Deep adsorptive desulfurization over ion-exchanged zeolites: Individual and simultaneous effect of aromatic and nitrogen compounds

Abstract

The presence of aromatics and nitrogen compounds in petroleum fuel has a strong inhibiting impact on deep adsorptive desulfurization (ADS). This work aimed to clarify the individual and simultaneous effect of these compounds on ADS of the most refractory sulfur-containing polyaromatic compounds (dibenzothiophene and 4,6-dimethyldibenzothiophene) over Na–Y, Ni–Y, La–Y, Ce–Y and Ni–Ce–Y zeolites in a fixed bed system at ambient conditions.

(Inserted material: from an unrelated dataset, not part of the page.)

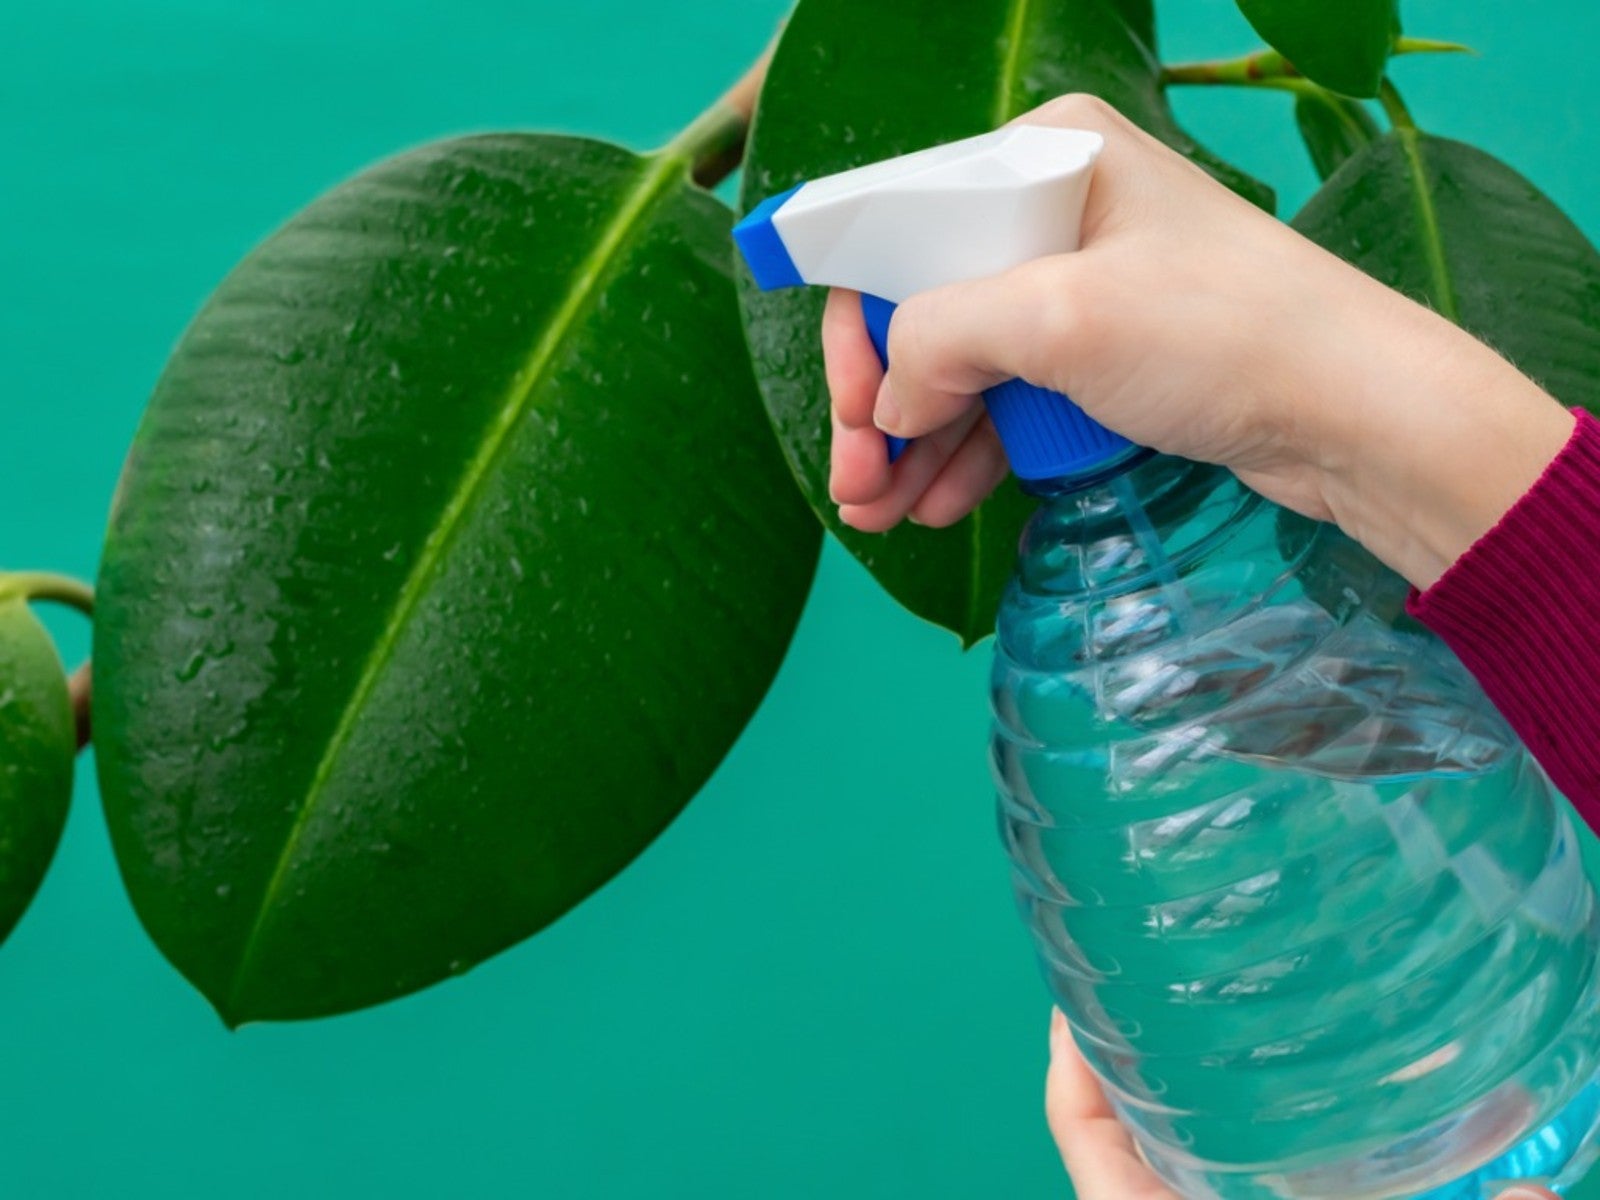 Is Dish Soap Safe For Plants? Why It's Not a Good Bug Spray

Polyaromatics (naphthalene) and nitrogen (quinoline and indole) compounds caused a marked decrease in the sulfur adsorption capacity, while the nitrogen compounds decreased the sulfur adsorption capacity more than naphthalene. The negative electrostatic potential of compounds might play an important role in the adsorptive selectivity on the pre-reduced Ni–Y zeolite. The results show that the adsorption sites of aromatics and nitrogen compounds on the adsorbents are the same as for the sulfur compounds. This competitive adsorption was very strong especially for the metal that enhanced π-complexation interaction. The reduced Ni2+ introduced into Na–Y zeolite increased resistance to aromatics and nitrogen compounds on ADS. For the spent adsorbent, the regeneration efficiency, in terms of the desorption amount, depended on the similarity of the polarity of the solvent (hexane and toluene) and adsorbate, where a high temperature and low flow rate of solvent favored the extraction of adsorbates leading to an increased regeneration efficiency. This study provides an insight into the interactions among these three kinds of components and adsorbents, which is useful for further development of the ADS process.